• [DESCRIPTION OF THE TASK]: Everything in the data that follows should be given again verbatim, except the images.

[INFORMATION SUPPLIED]

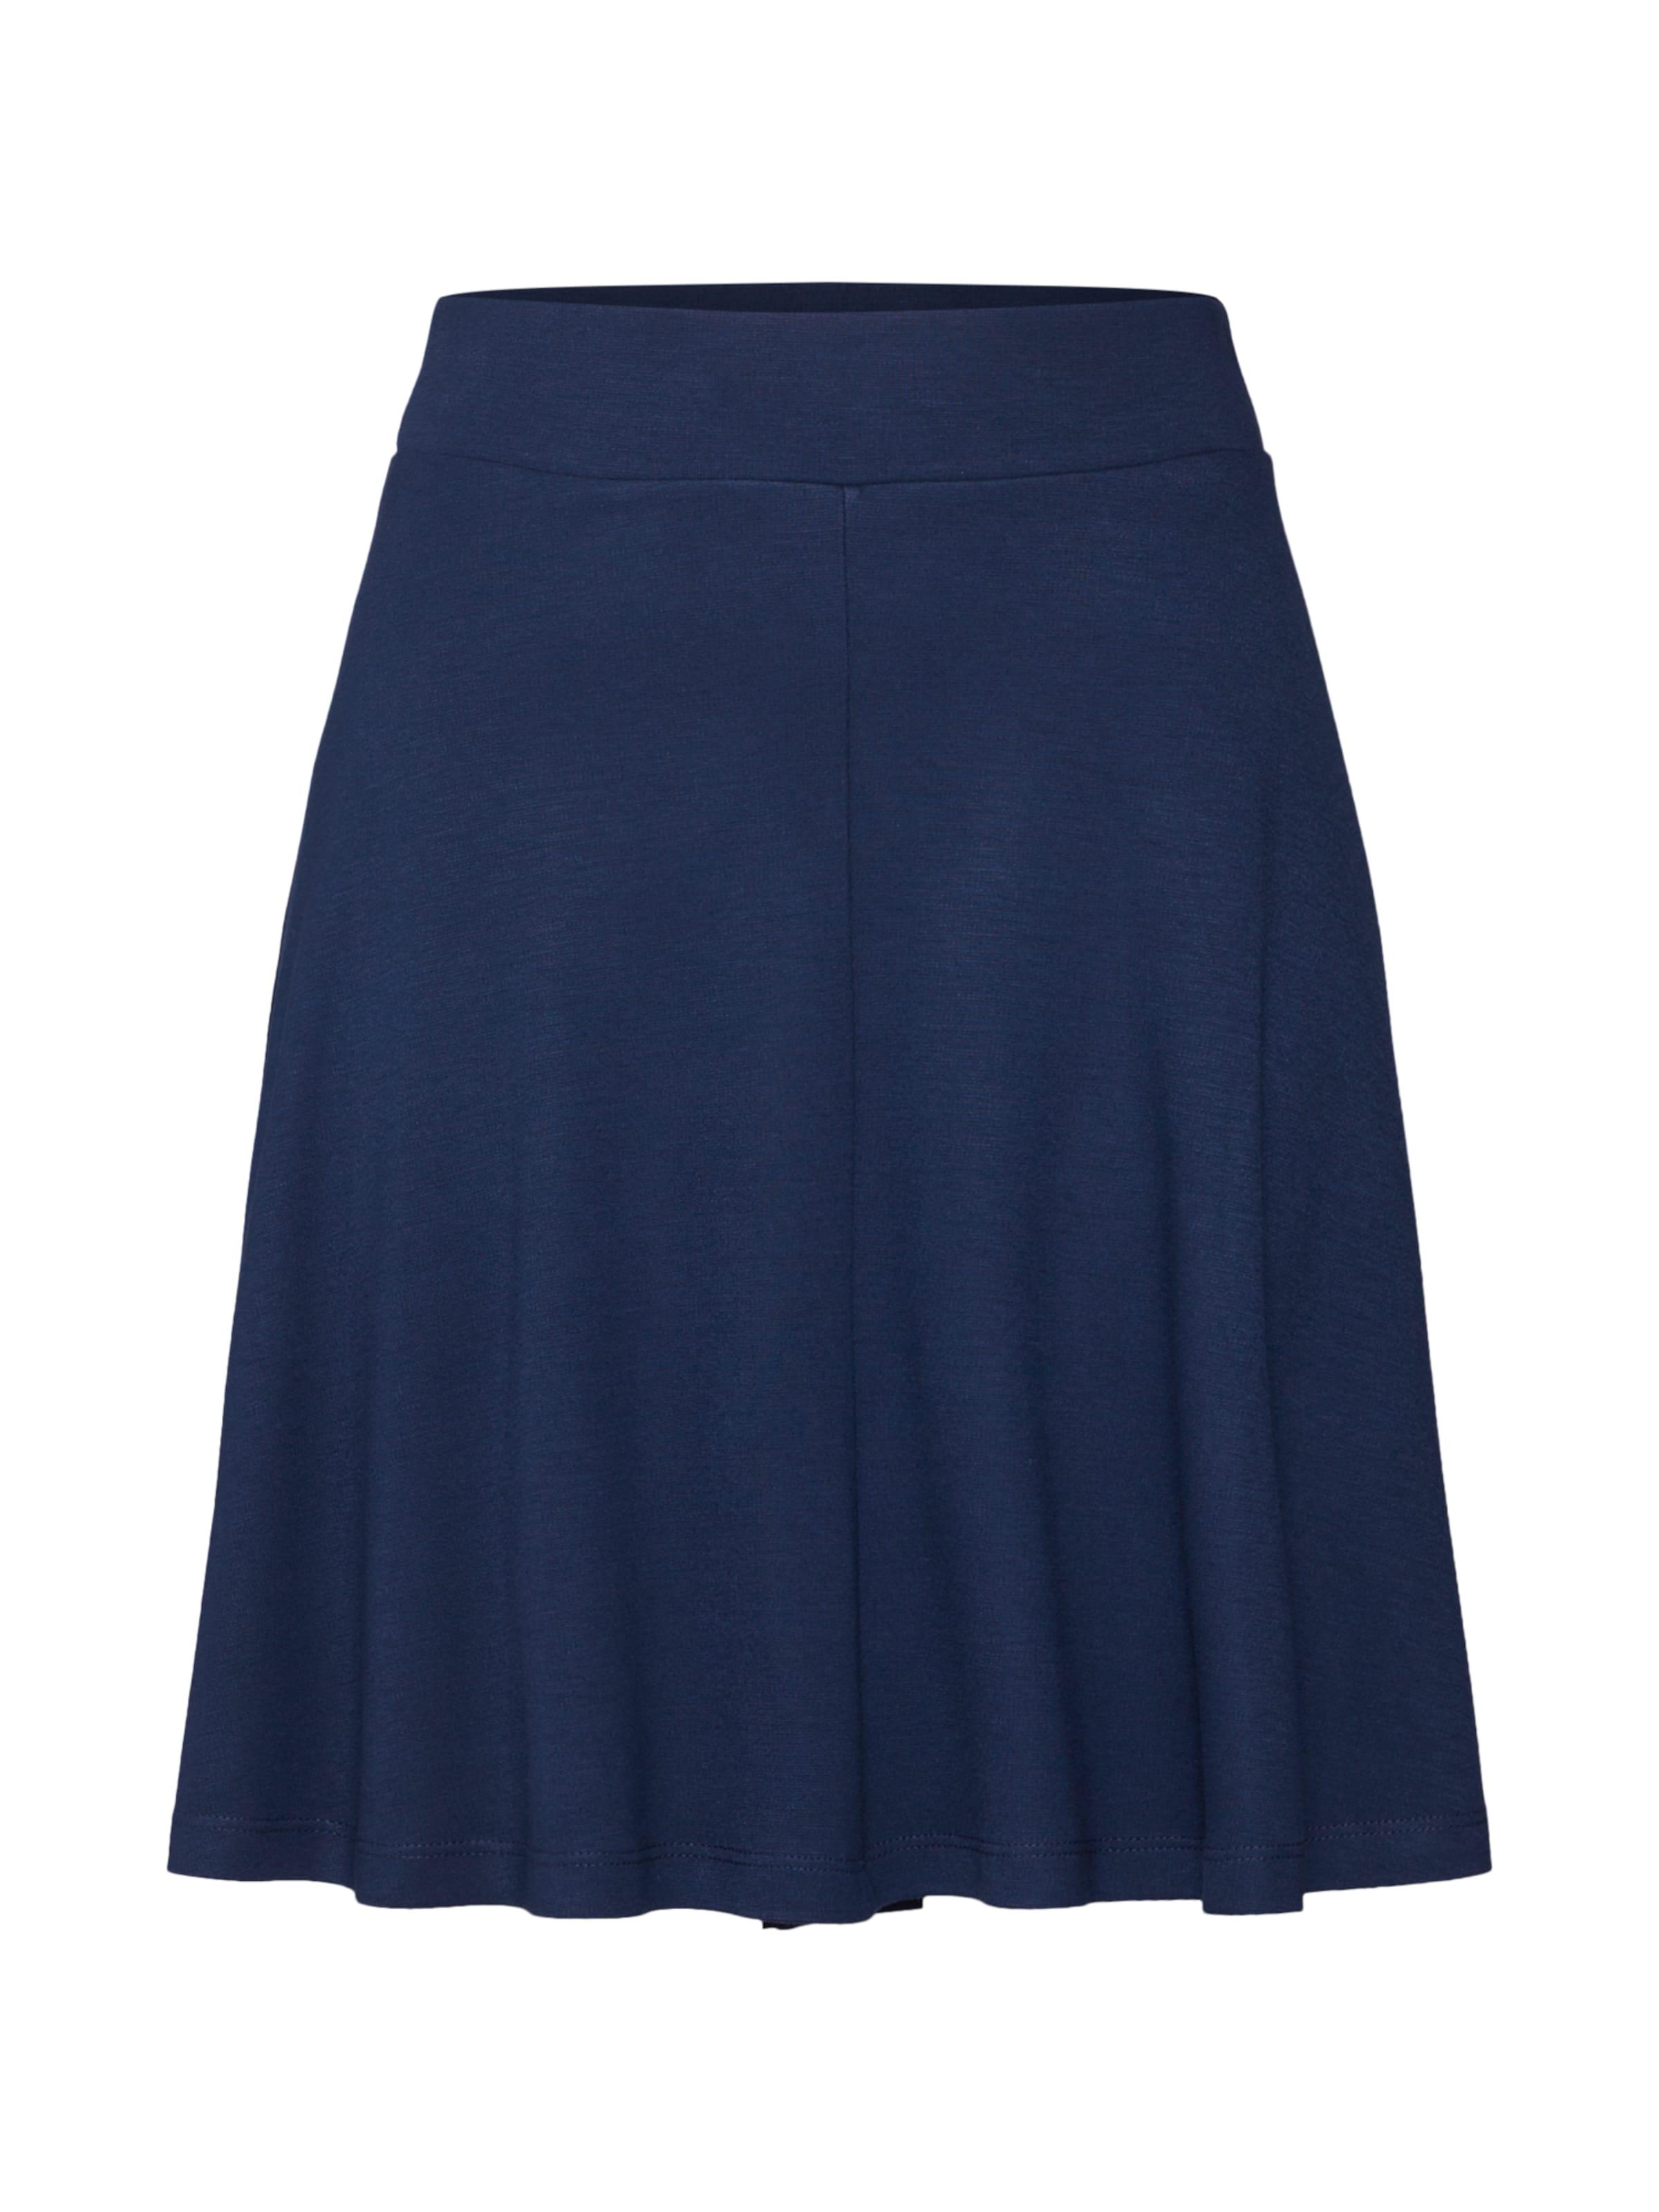 En Bleu Marine Esprit En Jupe Bleu Jupe Jupe Esprit Esprit Marine En 1FKcJl
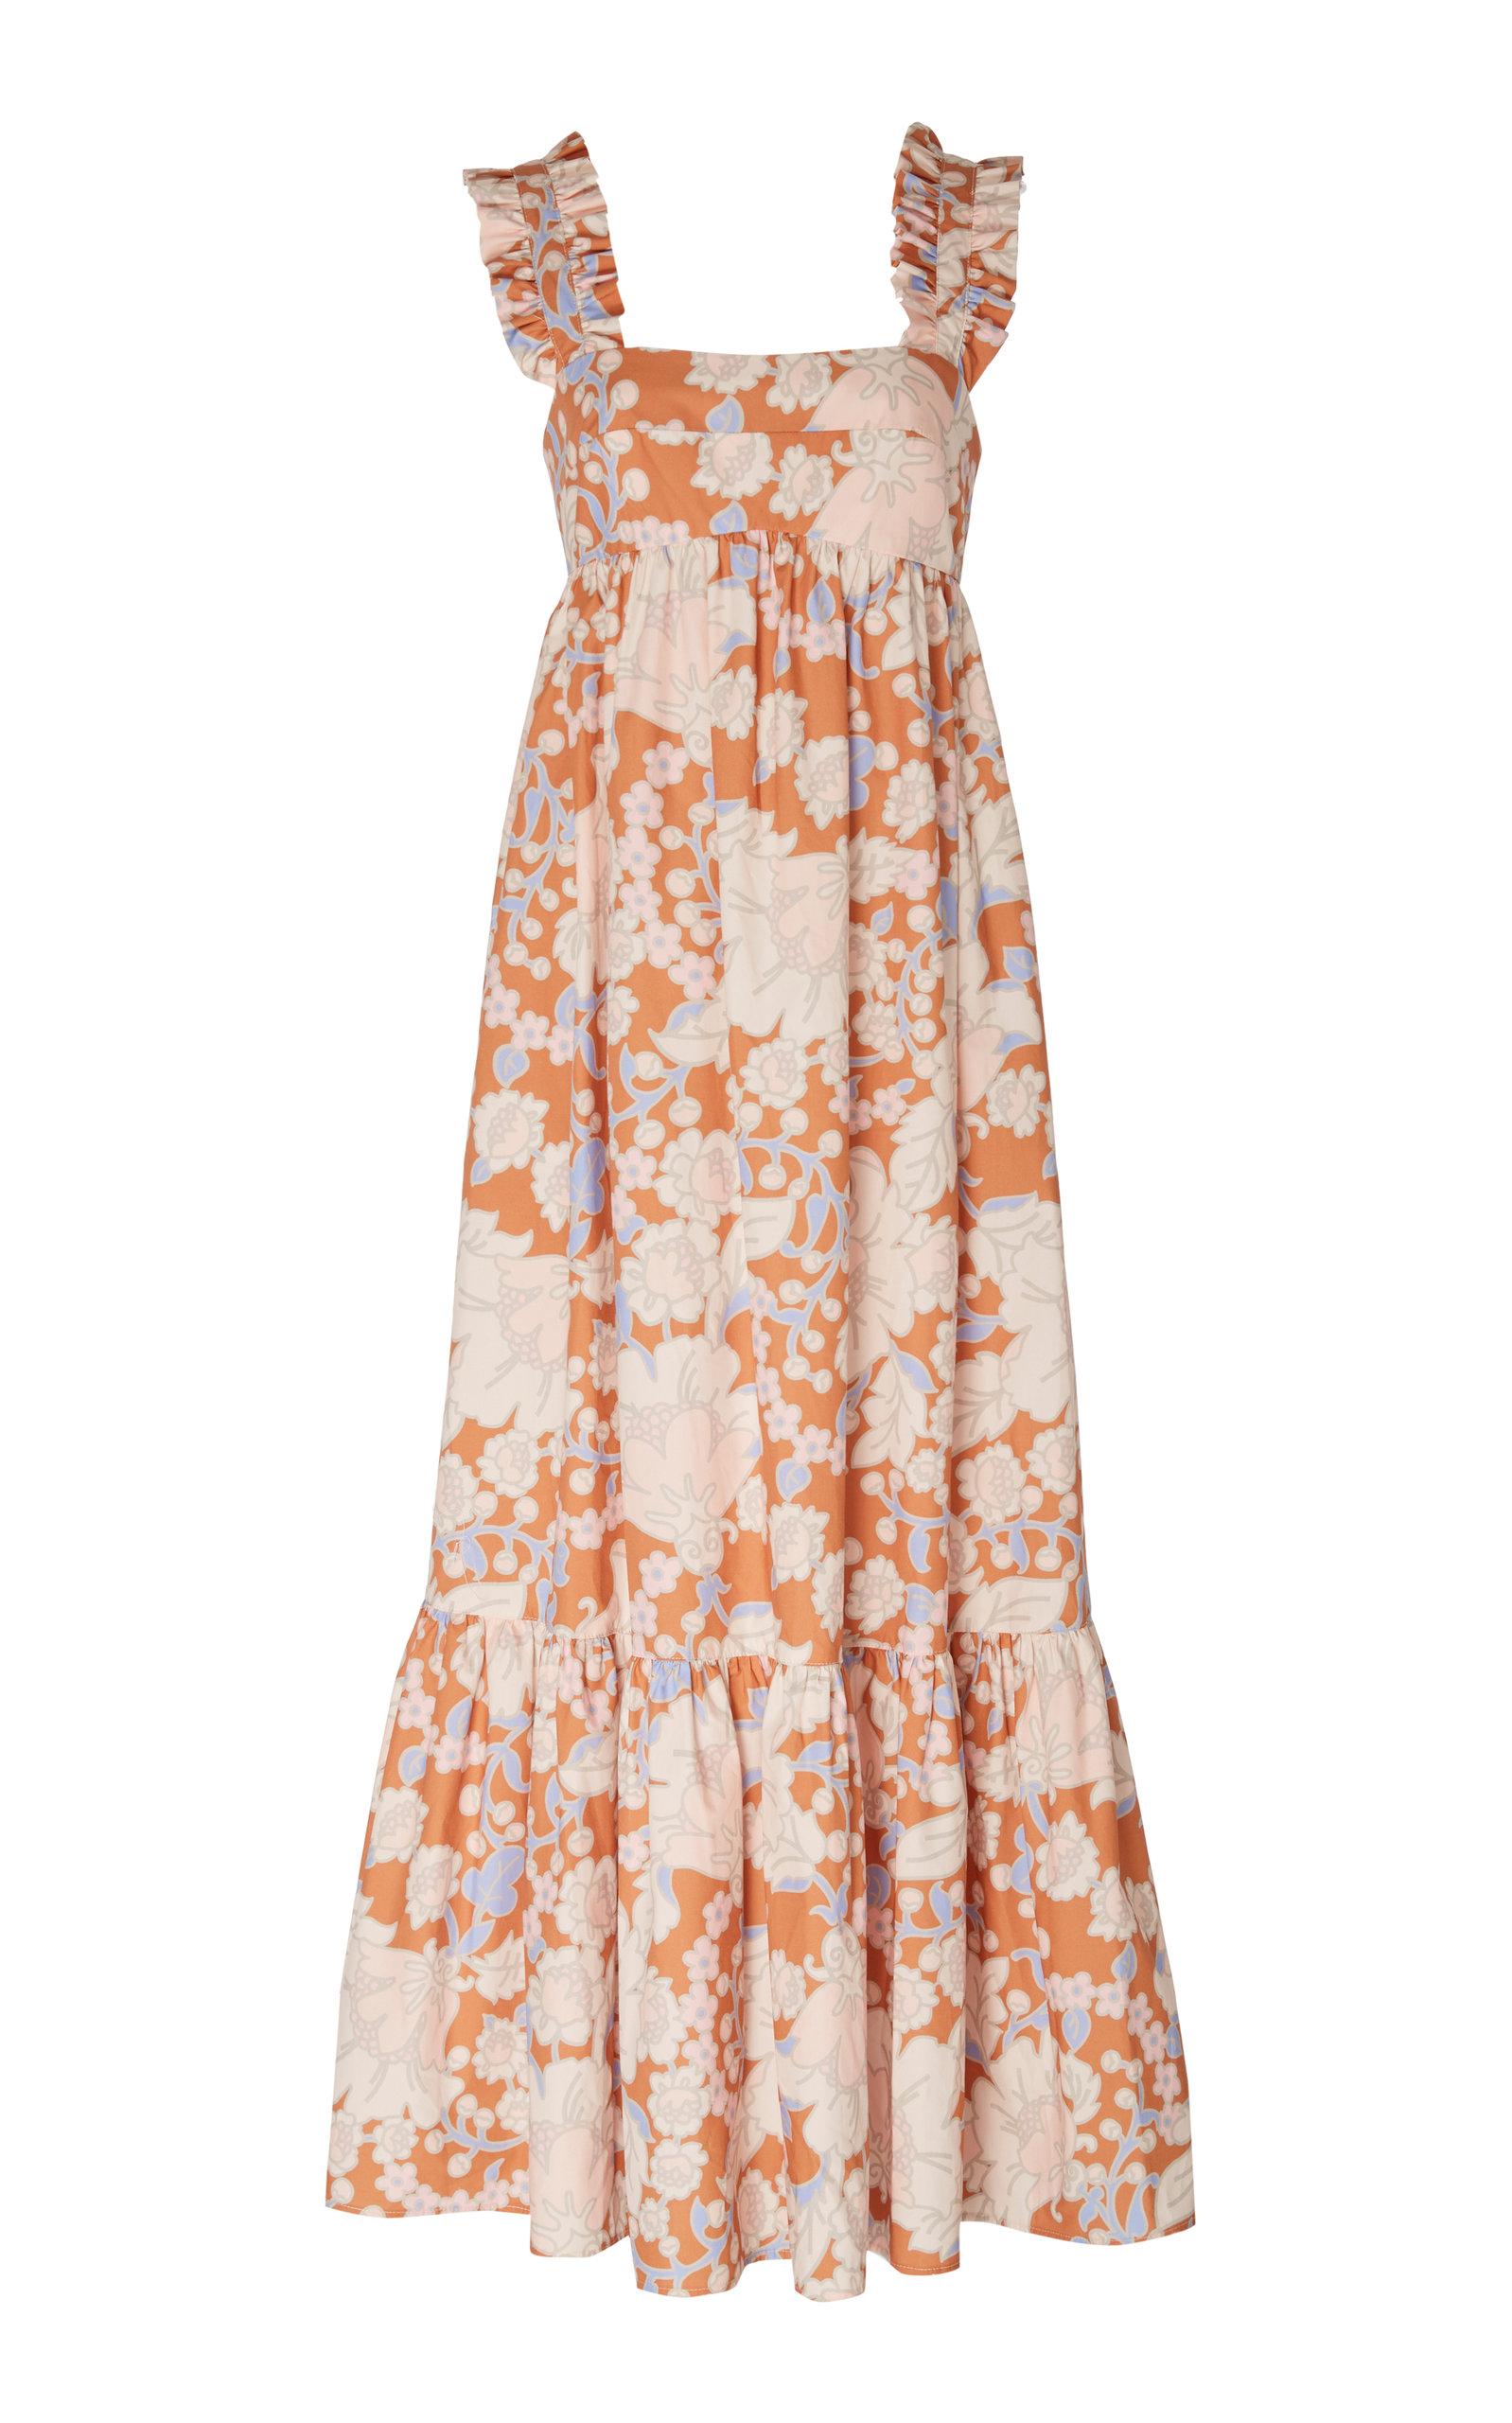 Buy Ephemera Woodstock Ruffled Floral-Print Linen Midi DRess online, shop Ephemera at the best price
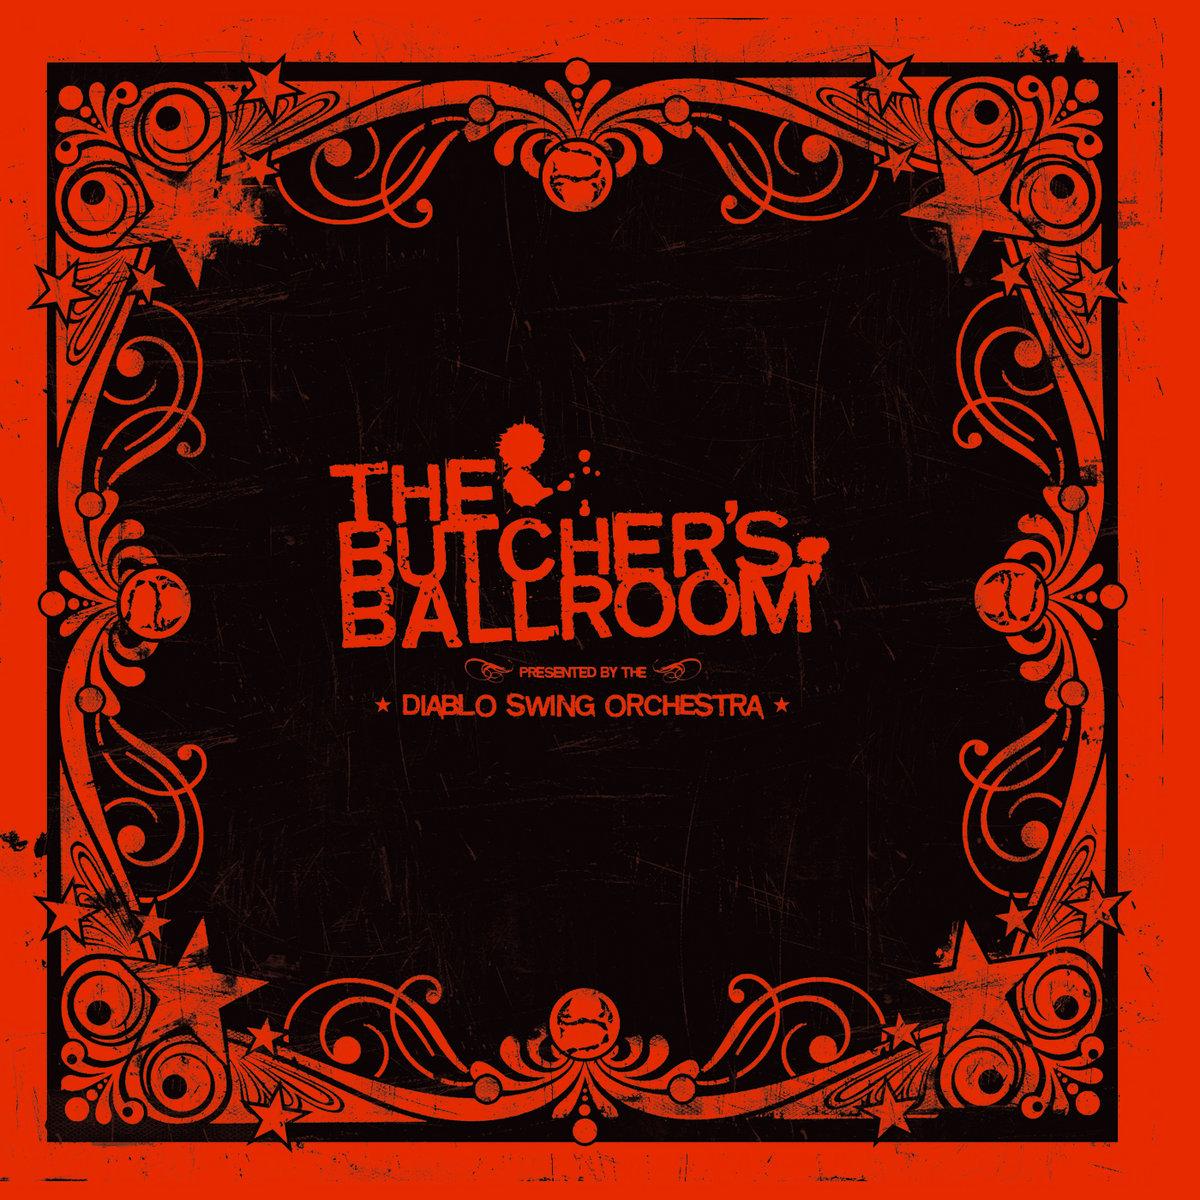 Diablo Swing Orchestra - The Butcher's Ballroom (Re-released 2007)

[/INFORMATION SUPPLIED]

• [RESPONSE TO THIS TASK]:
 En Bleu Marine Esprit En Jupe Bleu Jupe Jupe Esprit Esprit Marine En 1FKcJl
 Buy Ephemera Woodstock Ruffled Floral-Print Linen Midi DRess online, shop Ephemera at the best price
 Diablo Swing Orchestra - The Butcher's Ballroom (Re-released 2007)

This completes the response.